Embora o cardeal esteja certo ao explicitar a regra geral e a razão teológica por trás dela (em regra, a Eucaristia, como sacramento da unidade, somente é administrada a fiéis católicos, e não a cristãos que não estão em plena comunhão com a Igreja Católica Apostólica Romana), na verdade, em relação à "communicatio in sacris" ("comunhão nas coisas sagradas"), a matéria é canonicamente mais delicada. Em favor do Cardeal Sarah, diga-se que não é canonista, razão pela qual é escusável que não compreenda todas as dimensões do problema.

A bem da verdade, o próprio Cardeal Sarah reconhece que a regra geral não está revestida de tamanha rigidez, quando, mais adiante em sua entrevista, admite que um anglicano possa receber a comunhão em uma celebração católica, desde que devidamente disposto e em situações excepcionais.

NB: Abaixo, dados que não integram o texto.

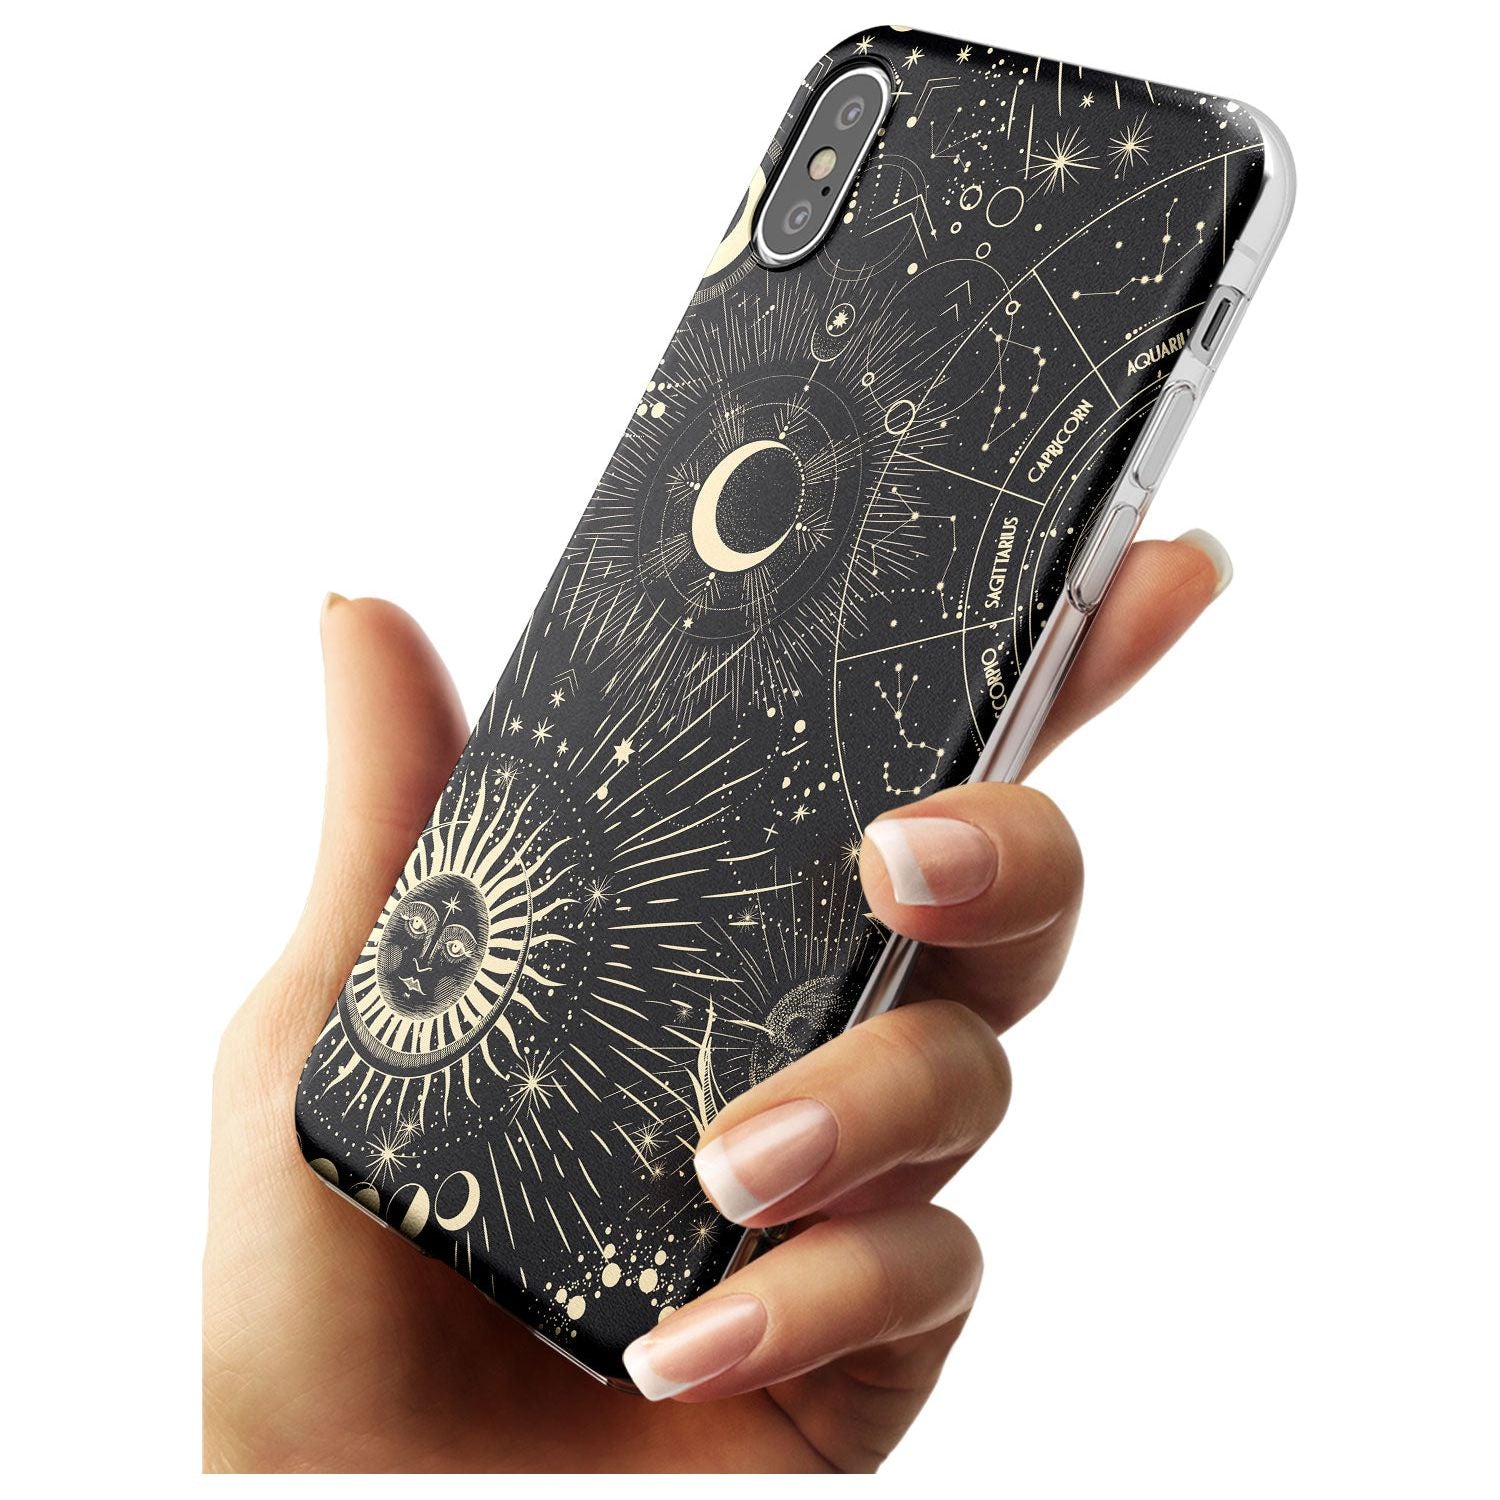 Sun & Symbols Black Impact Phone Case for iPhone X XS Max XR

Mas nem todos os veículos de comunicação estão reproduzindo as palavras do Cardeal Sarah em sua íntegra. Por isso, vale a pena explicitar aqui as regras canônicas atualmente em vigor acerca da recepção do sacramento da Eucaristia por cristãos não-católicos.

O tema encontra-se previsto nos cânones 844, §3 e §4 do Código de Direito Canônico. Iniciemos pelo §3:

§ 3. Os ministros católicos administram licitamente os sacramentos da penitência, Eucaristia e unção dos enfermos aos membros das Igrejas orientais que não têm plena comunhão com a Igreja católica, se eles o pedirem espontaneamente e estiverem devidamente preparados; vale o mesmo para os membros de outras Igrejas que, a juízo da Sé Apostólica no que se refere aos sacramentos, se acham nas mesmas condições que as referidas Igrejas orientais.

Este primeiro grande grupo de fiéis cristãos que pode receber a Eucaristia das mãos de ministros católicos é composto por aqueles cristãos que pertencem às Igrejas orientais que não estão em comunhão com a Sé Romana (tanto Ortodoxos como os Ortodoxos pré-calcedonianos e Ortodoxos pré-efesianos). O §3 também estende esta disciplina a outras Igrejas que, a juízo da Santa Sé, no que se refere aos sacramentos, se acham nas mesmas condições que as referidas Igrejas orientais.

Exemplifiquemos falando concretamente de quais grupos são estes:

1) Igrejas ortodoxas: Patriarcado Ortodoxo Ecumênico de Constantinopla, Patriarcado Ortodoxo de Alexandria, Patriarcado Ortodoxo de Jerusalém, Patriarcado Ortodoxo de Antioquia,  Patriarcado Ortodoxo da Rússia e as demais Igrejas Ortodoxas (cuja data de separação formal da Igreja Católica Apostólica Romana é geralmente situada no ano de 1054);

2) Igrejas ortodoxas pré-calcedonianas: Igreja Copta, Igreja Etíope, Igreja da Eritreia, Igreja Armênia, Igreja Ortodoxa Siríaca e Igreja Ortodoxa Siríaca Malankara da Índia (cuja data de separação formal da Igreja Católica Apostólica Romana e das demais Igrejas Ortodoxas é geralmente situada no ano de 451, por não aceitarem declarações dogmáticas do Concílio de Calcedônia);

3) Igreja ortodoxa pré-efesiana: Igreja Assíria do Oriente (cuja data de separação formal da Igreja Católica Apostólica Romana e das demais Igrejas Ortodoxas é geralmente situada no ano de 431, por não aceitarem declarações dogmáticas do Concílio de Éfeso).
           
Quanto aos grupos a eles equiparados, uma decisão da Congregação para a Doutrina da Fé, de 3 de janeiro de 1987 (Prot. n. 795/68), afirma que, "dentre as Igrejas que estão na mesma situação das Igrejas Orientais mencionadas no cân. 844 § 3, incluem-se as Igrejas véterocatólicas na Europa e a Igreja Nacional Polonesa nos EUA".[1]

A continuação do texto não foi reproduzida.